After conversion, use normal OpenQP workflow and section calls.

Runner

oqp.pyoqp.Runner loads the same configuration used by input files, runs the selected workflow, and keeps the resulting Molecule object available as runner.mol.

from oqp.pyoqp import Runner

runner = Runner(
    project="water_mrsf",
    input_file="water_mrsf.inp",
    log="water_mrsf.log",
    silent=0,
    usempi=True,
)
runner.run()

summary = runner.results()
print(summary["energy"])

Signature

Runner(
    project=None,
    input_file=None,
    log=None,
    input_dict=None,
    silent=0,
    usempi=True,
)
Argument Type Meaning
project str or None Project name used in logs and output files.
input_file str or None Path to an OpenQP input file.
log str or None Log file path.
input_dict dict or None Sectioned input dictionary. If supplied, it is used instead of input_file.
silent int 0 prints parsed input and normal messages; 1 suppresses them.
usempi bool Enables MPI-aware behavior when the runtime supports it.

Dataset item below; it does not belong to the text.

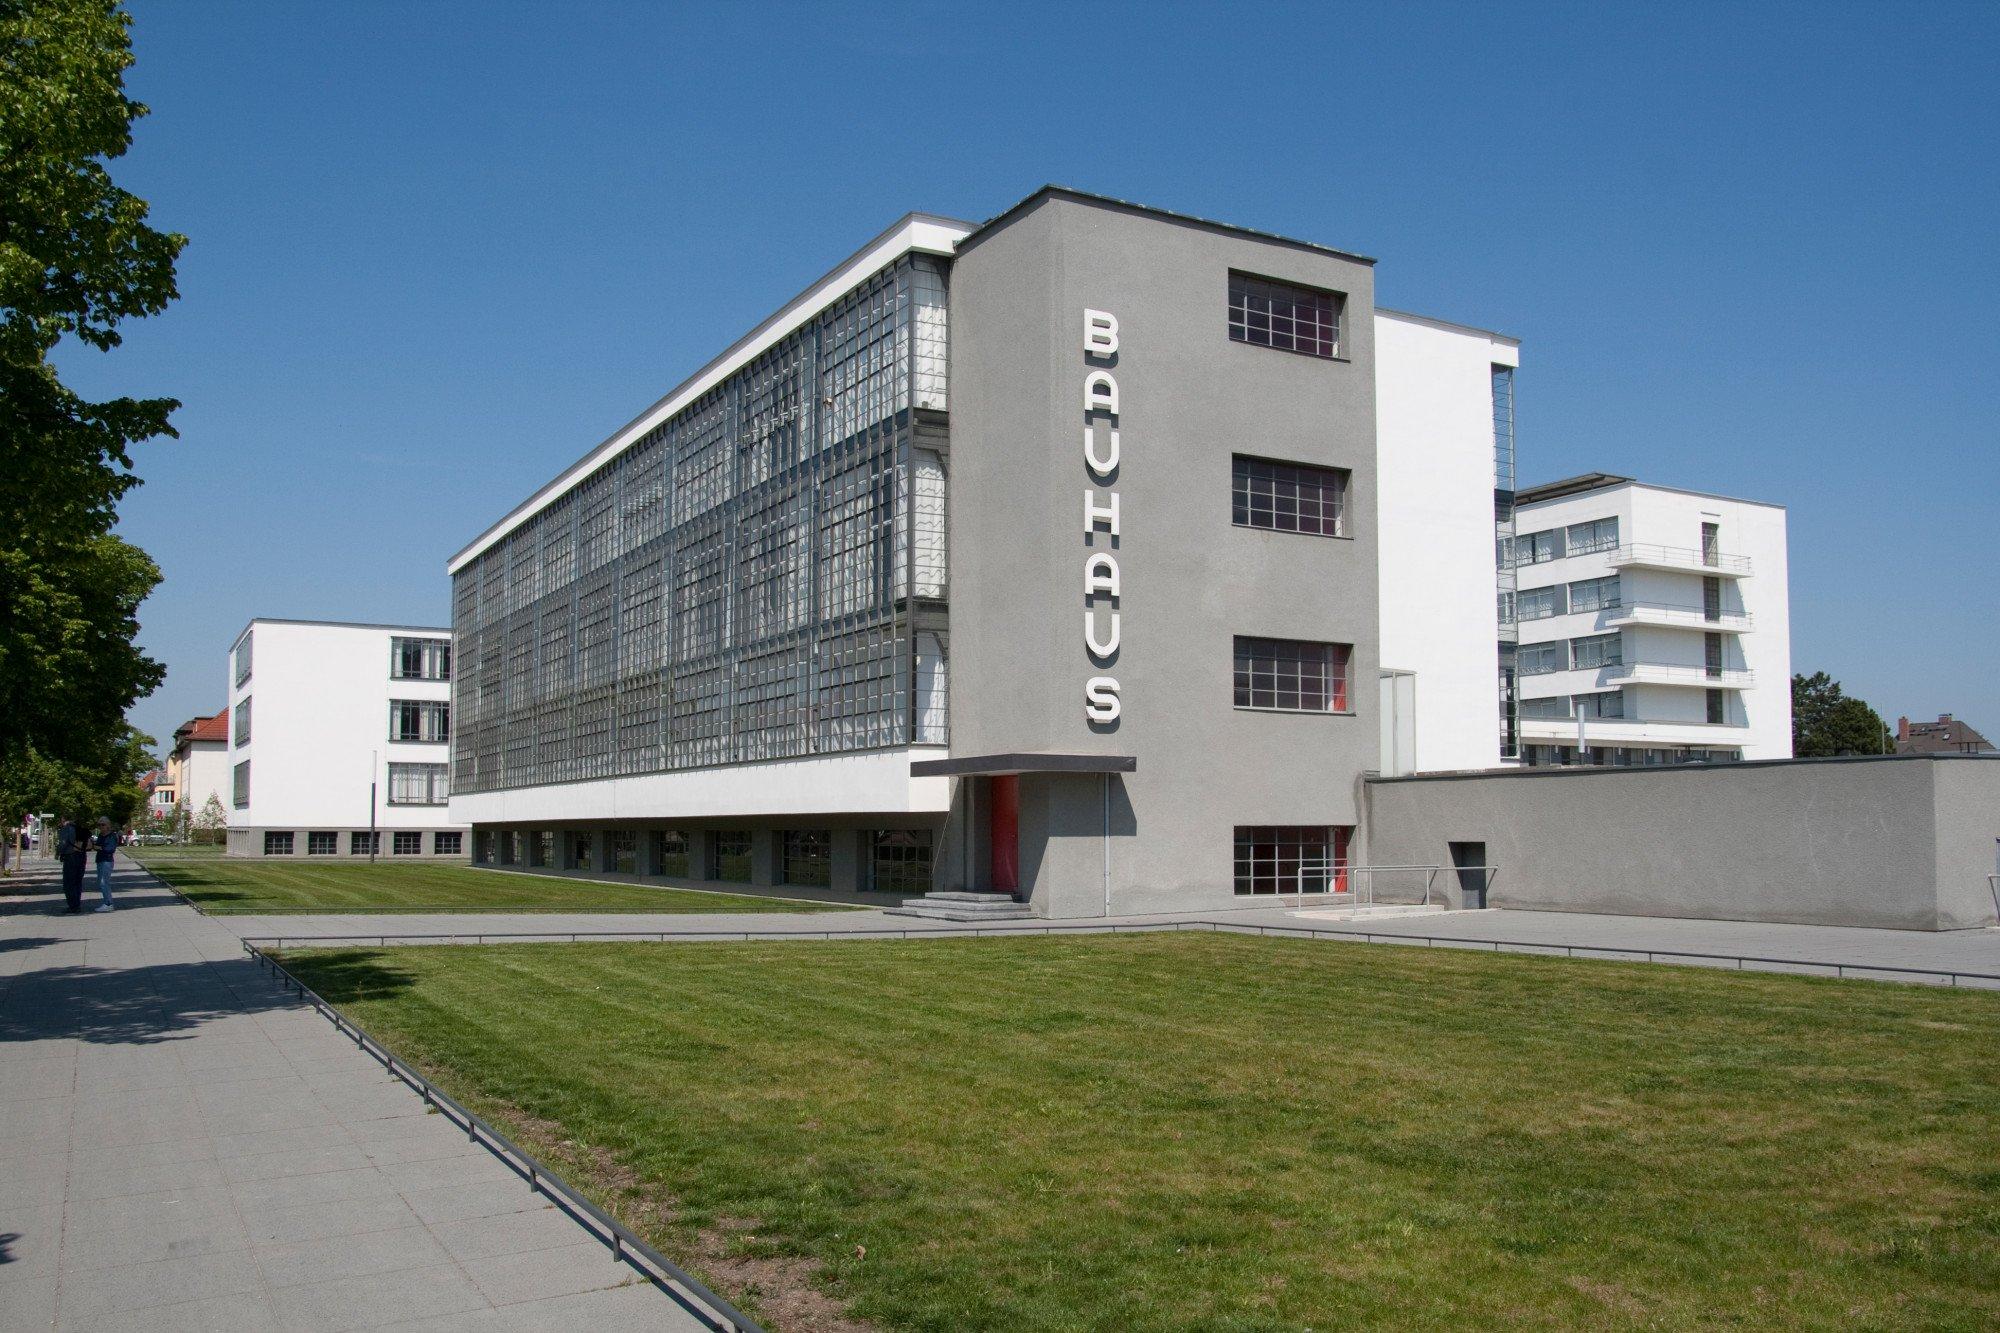 Full Size of Bauhaus Fenster Dessau Heizung Kultur Bildung Baunetz Wissen Jalousien Innen Sicherheitsbeschläge Nachrüsten Rolladen Sichern Gegen Einbruch Fenster Bauhaus Fenster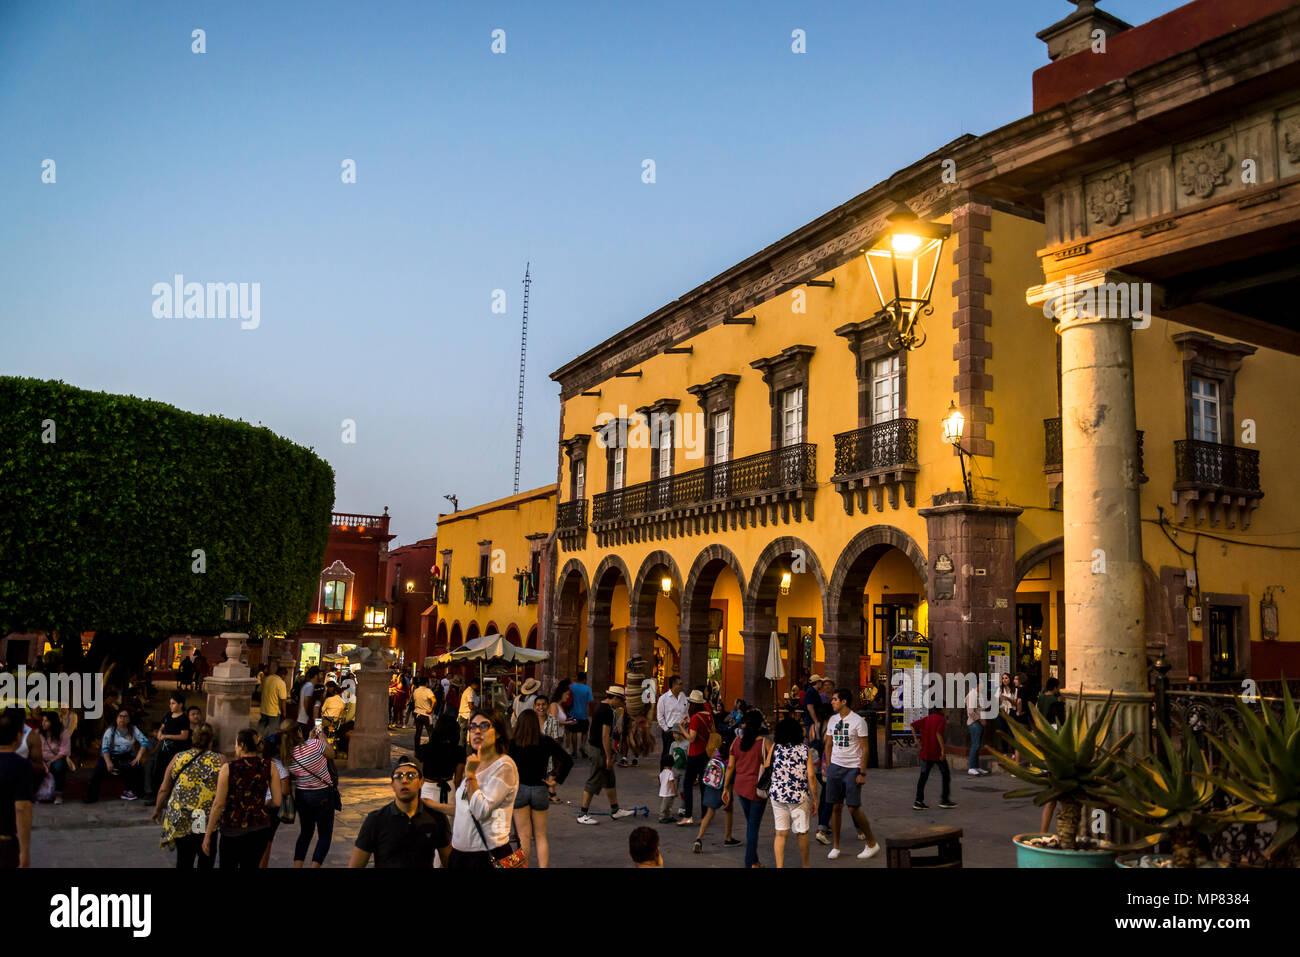 El Jardin, the Main plaza with lots of people at dusk, San Miguel de Allende, a colonial-era city,  Bajío region, Central Mexico - Stock Image

Runner validates the parsed input before the calculation starts. A validation failure prints an input-check report and exits before expensive kernels run.

File-Based Runs

File-based runs are closest to command-line OpenQP:

from pathlib import Path
from oqp.pyoqp import Runner

input_file = Path("examples/HF/H2O_RHF-HF_ENERGY.inp").resolve()
project = input_file.stem

runner = Runner(
    project=project,
    input_file=str(input_file),
    log=f"{project}.log",
)
runner.run()

Use this pattern when you want reproducible inputs, logs, JSON restart files, and output files on disk.

In-Memory Runs

For notebooks, tests, services, or agents, pass a sectioned dictionary through input_dict.

from oqp.pyoqp import Runner

config = {
    "input": {
        "system": "\nH 0.0 0.0 0.0\nH 0.0 0.0 0.74",
        "basis": "6-31g*",
        "method": "hf",
        "runtype": "energy",
    },
    "scf": {
        "type": "rhf",
        "multiplicity": "1",
    },
}

runner = Runner(
    project="h2",
    input_dict=config,
    log="h2.log",
    silent=1,
)
runner.run()
print(runner.results()["energy"])

The dictionary is organized as {section: {keyword: value}}, matching the input file sections. Values can be strings; the OpenQP parser converts them using the same schema used by file inputs.

MRSF-TDDFT Example

MRSF-TDDFT normally starts from an open-shell reference. This compact example uses an ROHF triplet reference and asks for MRSF-TDDFT states.

from oqp.pyoqp import Runner

config = {
    "input": {
        "system": "\nO 0.000000 0.000000 -0.041062\nH -0.533194 0.533194 -0.614469\nH 0.533194 -0.533194 -0.614469",
        "basis": "6-31g*",
        "method": "tdhf",
        "runtype": "energy",
    },
    "scf": {
        "type": "rohf",
        "multiplicity": "3",
    },
    "tdhf": {
        "type": "mrsf",
        "nstate": "3",
    },
}

runner = Runner(project="water_mrsf", input_dict=config, log="water_mrsf.log")
runner.run()

mol = runner.mol
print(mol.get_results()["td_energies"])

Runtime Methods

Method Returns Use
run(test_mod=False) None Executes the calculation selected by [input] runtype.
results() dict Returns a Python summary with atoms, coordinates, energies, gradients, NAC, SOC, and raw data tags.
reload() None Reloads guess data when the selected guess mode asks for JSON data.
back_door(data) None Supplies previous-state data for advanced internal workflows.
test() (message, diff) Compares against reference data in OpenQP test mode.

Legacy Dotted-Keyword Wrapper

oqp.openqp.OPENQP accepts dotted keyword names such as input.system and scf.type, normalizes inline geometries, and then constructs a Runner.

from oqp.openqp import OPENQP

op = OPENQP({
    "input.system": "H 0 0 0; H 0 0 0.74",
    "input.basis": "6-31g*",
    "input.method": "hf",
    "input.runtype": "energy",
    "scf.type": "rhf",
})
mol = op.run()

This wrapper is retained for existing scripts. New scripts should prefer OpenQP for OpenQP-native scripting or Runner for direct input-file and section-dictionary execution.